REQUIREMENT: Would you output all the lines below precisely as they stand, leaving each picture out?

RAW DATA:
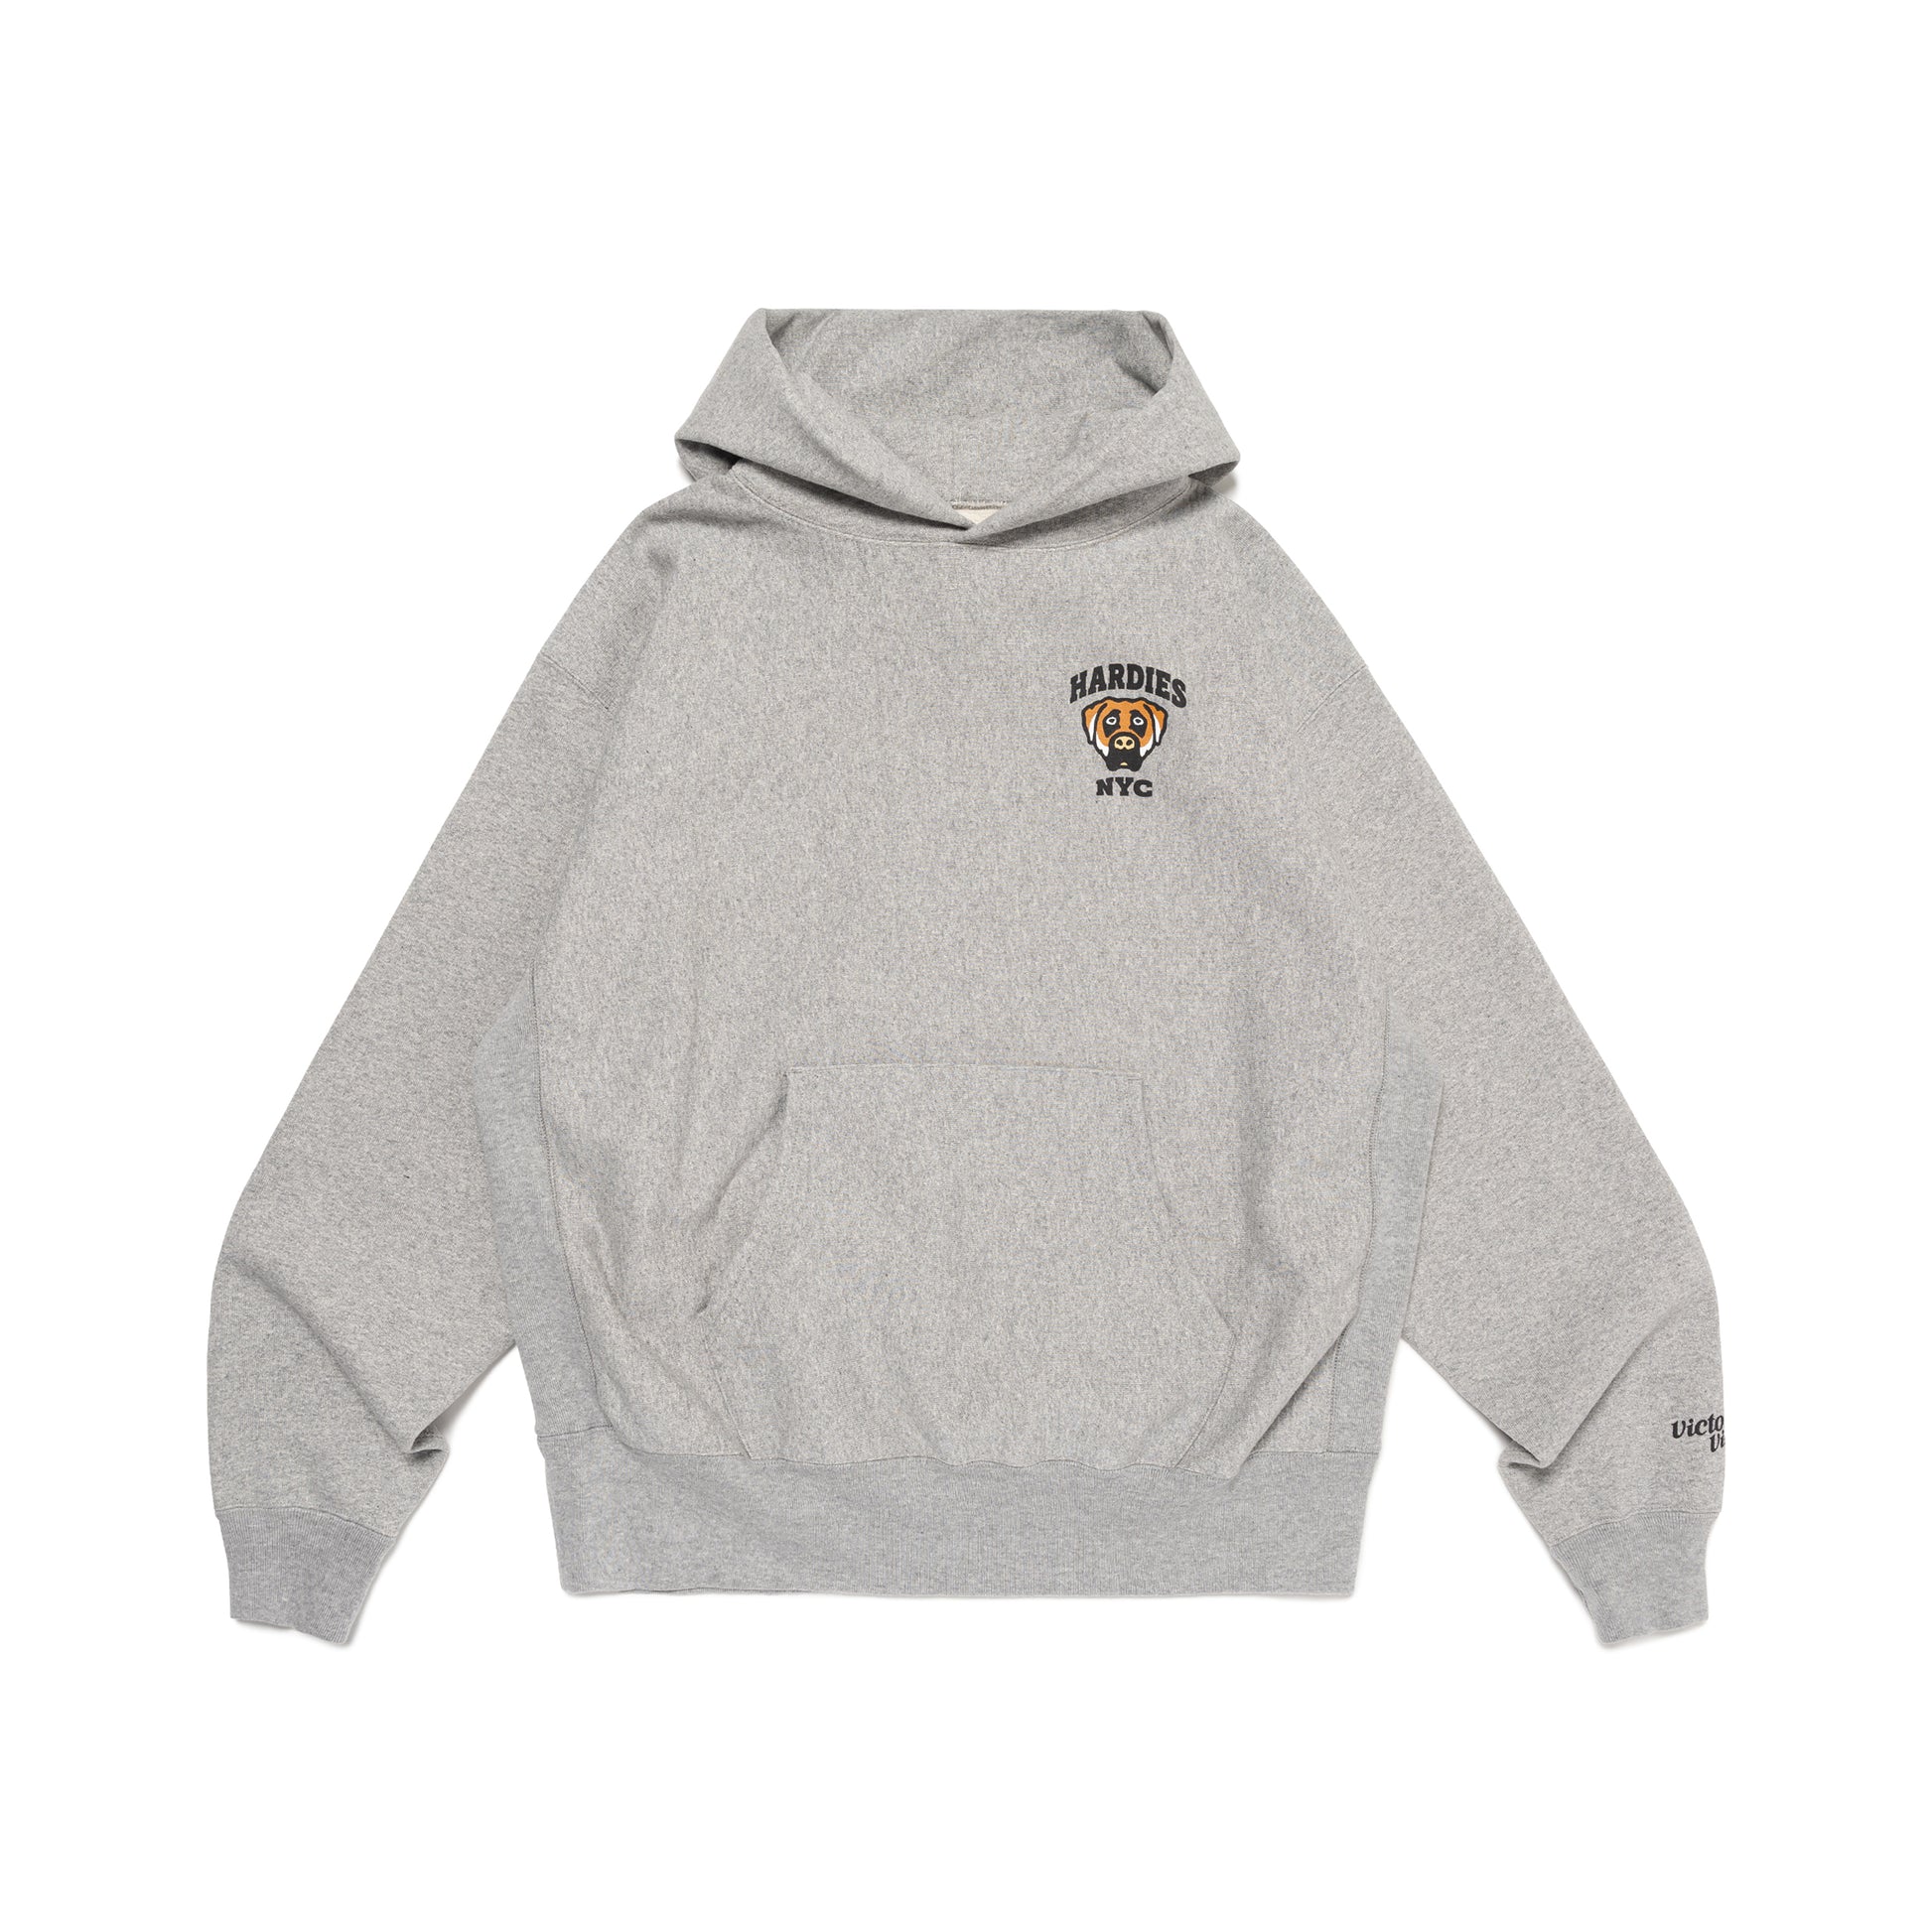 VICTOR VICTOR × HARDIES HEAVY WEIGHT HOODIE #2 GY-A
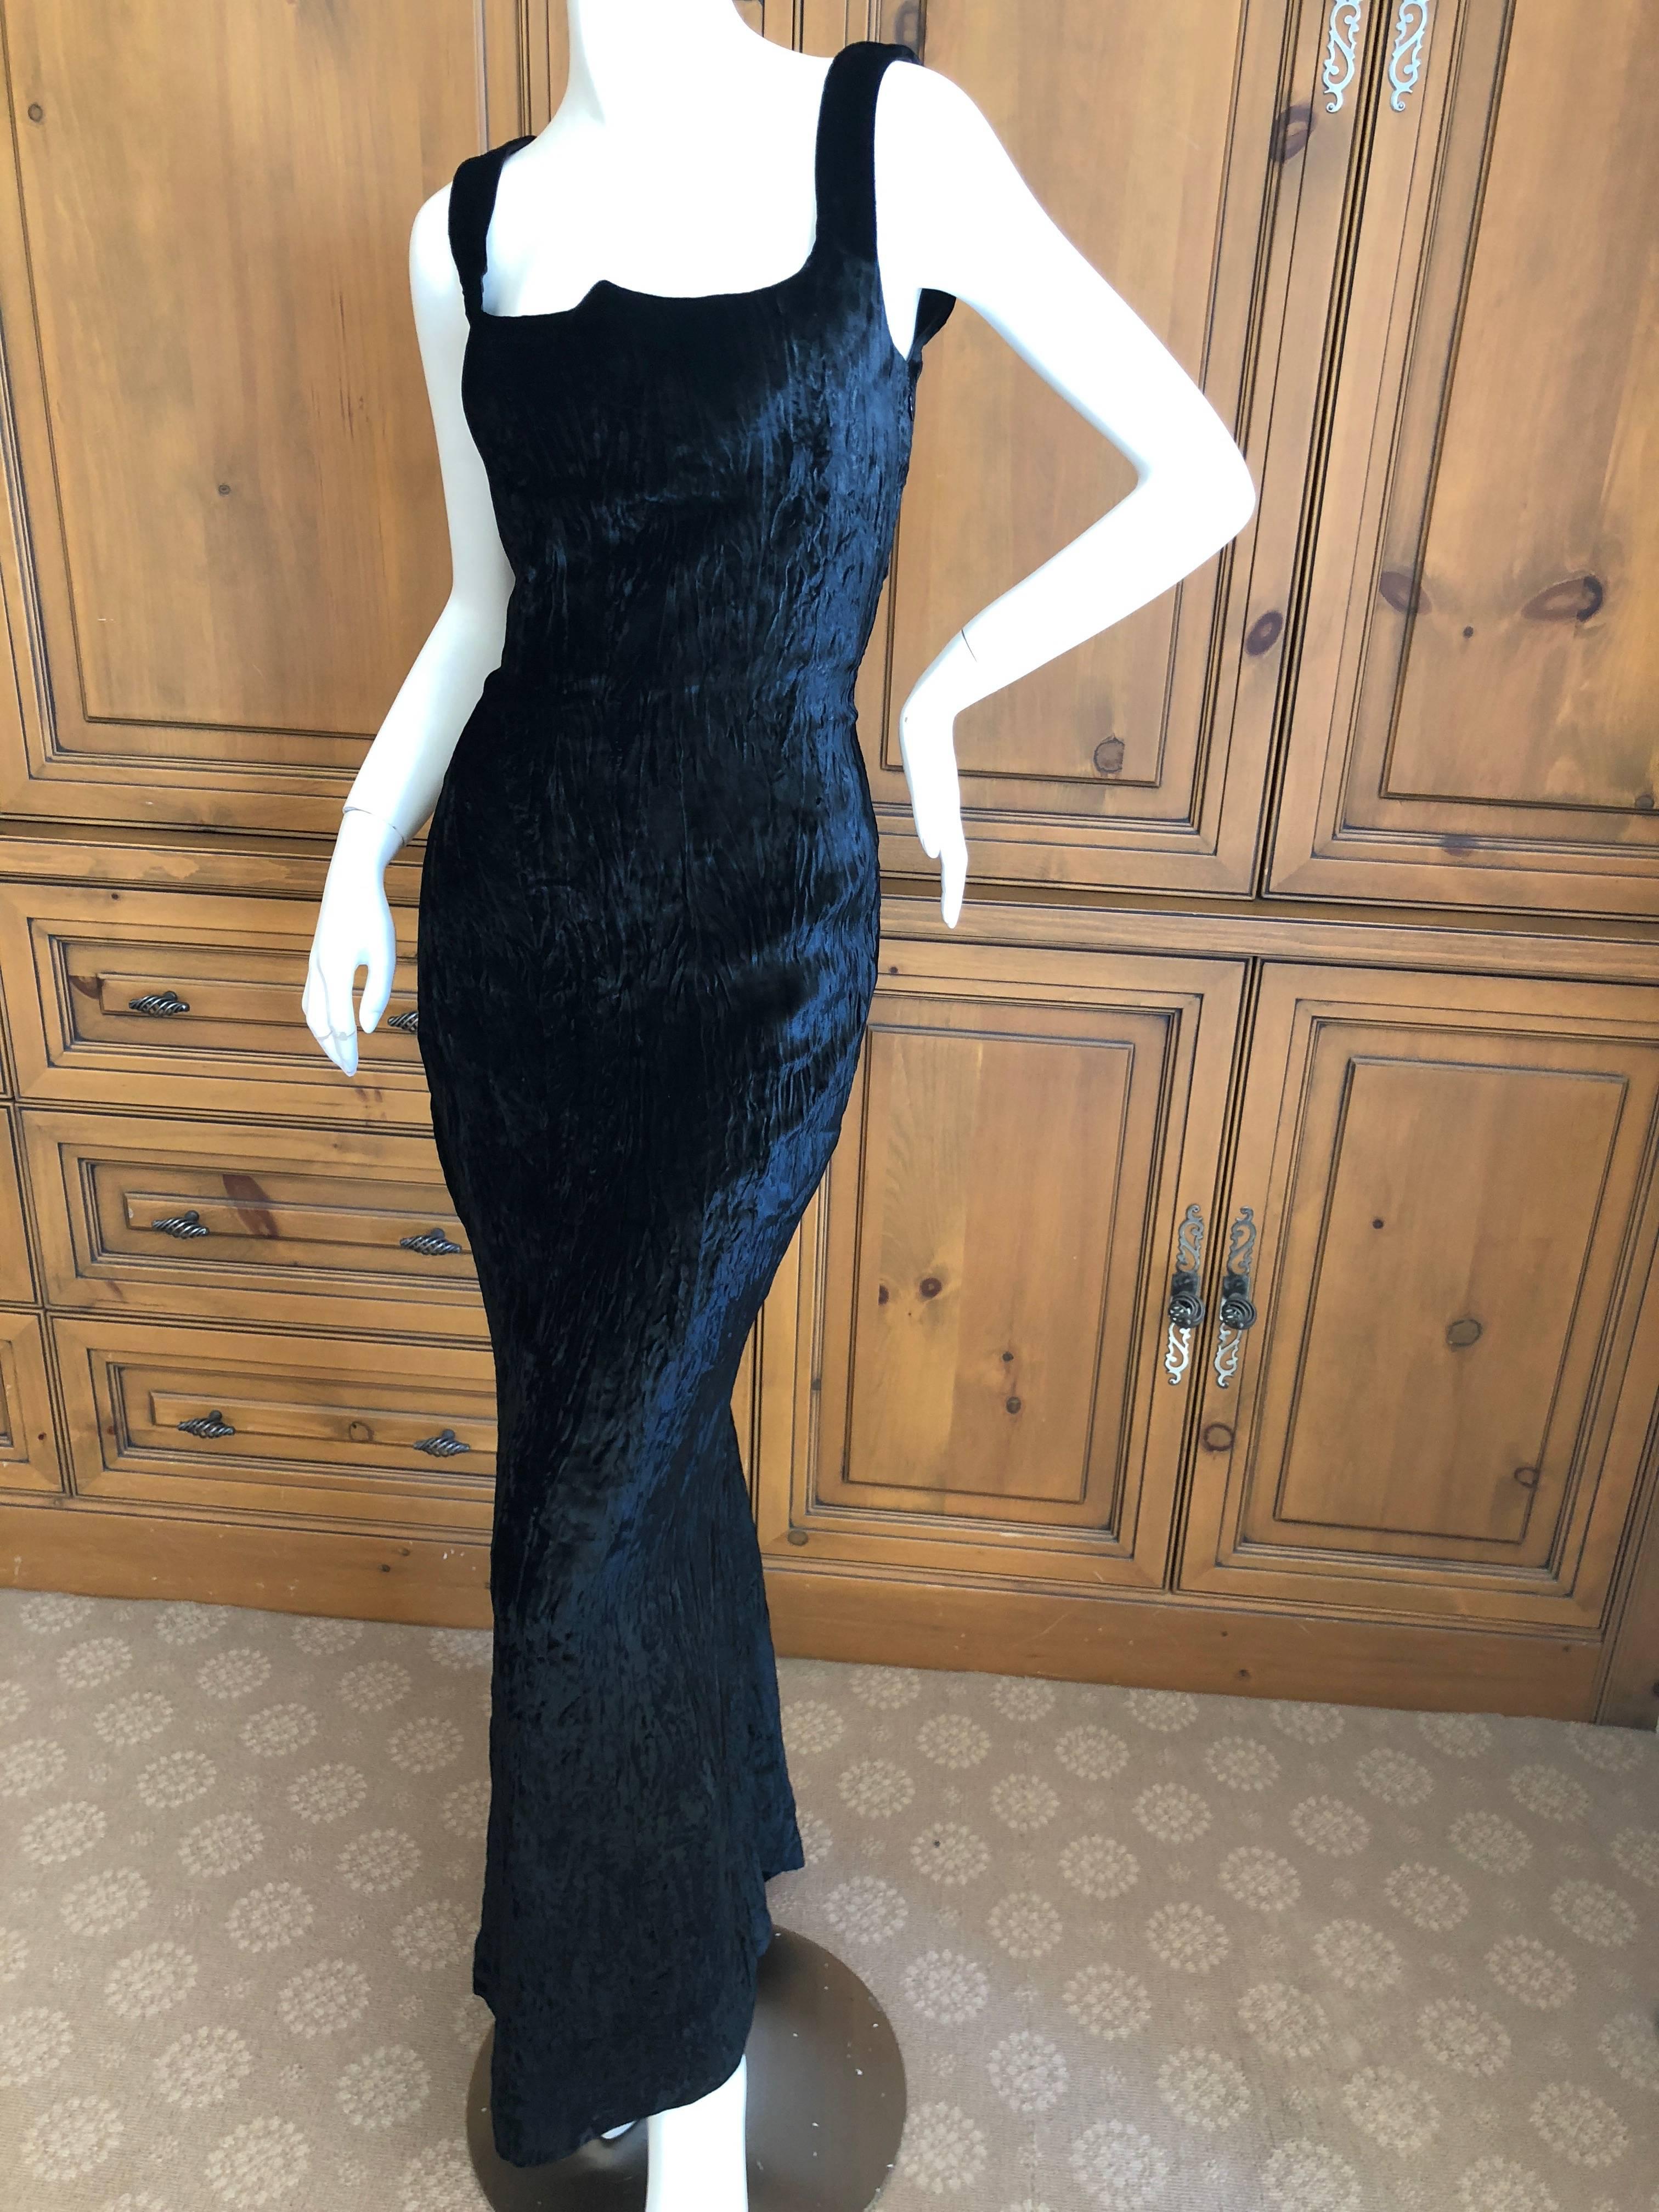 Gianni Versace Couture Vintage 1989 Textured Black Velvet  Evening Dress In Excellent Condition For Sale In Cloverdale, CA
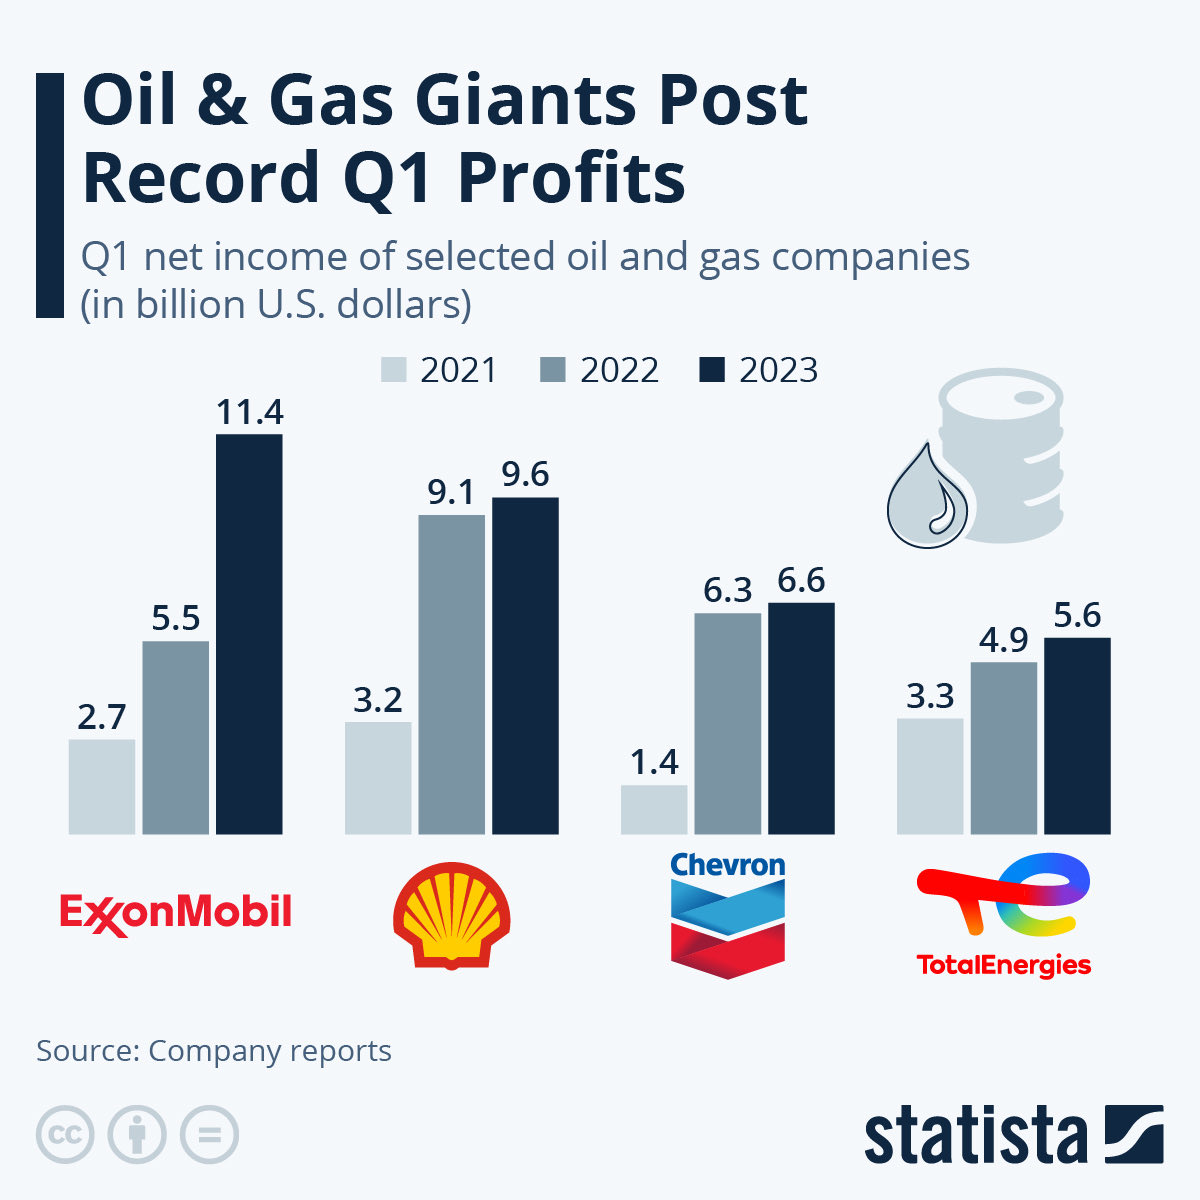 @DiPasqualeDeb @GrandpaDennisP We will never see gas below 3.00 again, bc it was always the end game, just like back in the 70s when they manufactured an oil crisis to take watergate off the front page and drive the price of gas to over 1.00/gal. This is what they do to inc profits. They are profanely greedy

SOLUTION TO THIS TASK:
 VICTOR VICTOR × HARDIES HEAVY WEIGHT HOODIE #2 GY-A
 Gianni Versace Couture Vintage 1989 Textured Black Velvet  Evening Dress In Excellent Condition For Sale In Cloverdale, CA
 @DiPasqualeDeb @GrandpaDennisP We will never see gas below 3.00 again, bc it was always the end game, just like back in the 70s when they manufactured an oil crisis to take watergate off the front page and drive the price of gas to over 1.00/gal. This is what they do to inc profits. They are profanely greedy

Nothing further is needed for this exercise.